A complex bug with a ⸢simple⸣ fix by Mark Dominus (The Universe of Discourse)

“Many organizations have their own version of a certain legend, which tells how a famous person from the past was once called out of retirement to solve a technical problem that nobody else could understand. I first heard the General Electric version of the legend, in which Charles Proteus Steinmetz was called out of retirement to figure out why a large complex of electrical equipment was not working.

“In the story, Steinmetz walked around the room, looking briefly at each of the large complicated machines. Then, without a word, he took a piece of chalk from his pocket, marked one of the panels, and departed. When the puzzled engineers removed that panel, they found a failed component, and when that component was replaced, the problem was solved.

“Steinmetz’s consulting bill for $10,000 arrived the following week. Shocked, the bean-counters replied that $10,000 seemed an exorbitant fee for making a single chalk mark, and, hoping to embarrass him into reducing the fee, asked him to itemize the bill.

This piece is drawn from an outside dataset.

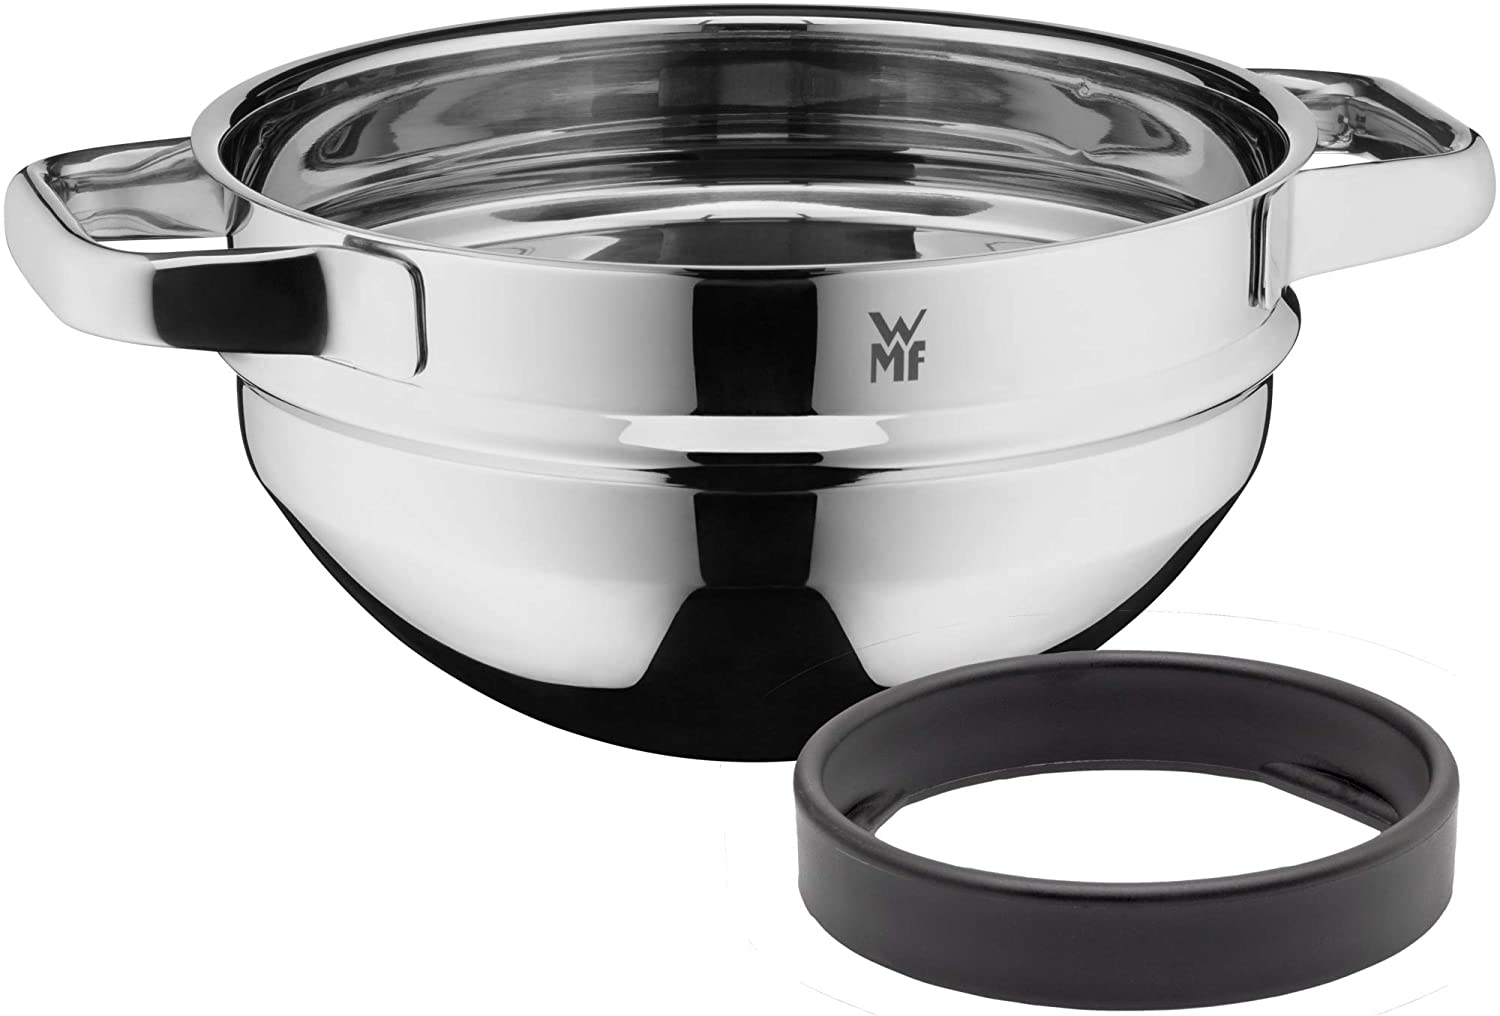 WMF Compact Cuisine Water Bath Bowl 20 cm Stackable Mixing Bowl for Water Bath, Cromargan Polished Stainless Steel, Dishwasher Safe

“Steinmetz returned the itemized bill:”

One chalk mark			$1.00
Knowing where to put it		$9,999.00
————————————————————————————
TOTAL				$10,000.00

Sports

Chiefs Fans Doing the “War Chant” After Beating the Worst Team in the League by Two is the Most Pathetic Thing I’ve Ever Seen From Any Fanbase by Freddie deBoer (Substack)

Here’s the thing about Chiefs fans: they root for the Yankees and pretend they root for the Marlins. They root for the Lakers and pretend they root for the Hornets. In the past 25 years, the Chiefs have averaged about 9 wins a season, which is a high number. In the past 10 years, the Chiefs have averaged 11.7 wins a season, an absolutely wild number. They’ve been a great team. And yet you would never know it, to listen to them. They constantly complain about being disrespected. They talk about themselves like a beleaguered fanbase, despite being the opposite. They combine two impulses that are bad on their own and even worse together: the entitlement of supporting a dominant team with the sense of grievance that comes from supporting a perpetual doormat.

I learned the word crybully from this article. It is someone who,

“A person who falsely claims to be a victim or who feigns emotional pain in order to manipulate, coerce, or threaten others”

Another definition is,

“If you don’t fight back, the crybully bullies you. If you fight back, the crybully cries … because you made him feel unsafe.”

Fun

 I shake my cane at you

I found this “red-button” image on an SMBC and thought it would be a good logo for this blog at some point.


Kedging Cannon by Randall Munroe (xkcd)

 Kedging Cannon

TIL what kedging means: “to warp a vessel by means of a light anchor” or “to move by means of a light anchor.” A warp is “a towline used in warping a vessel,” which seems a little circular.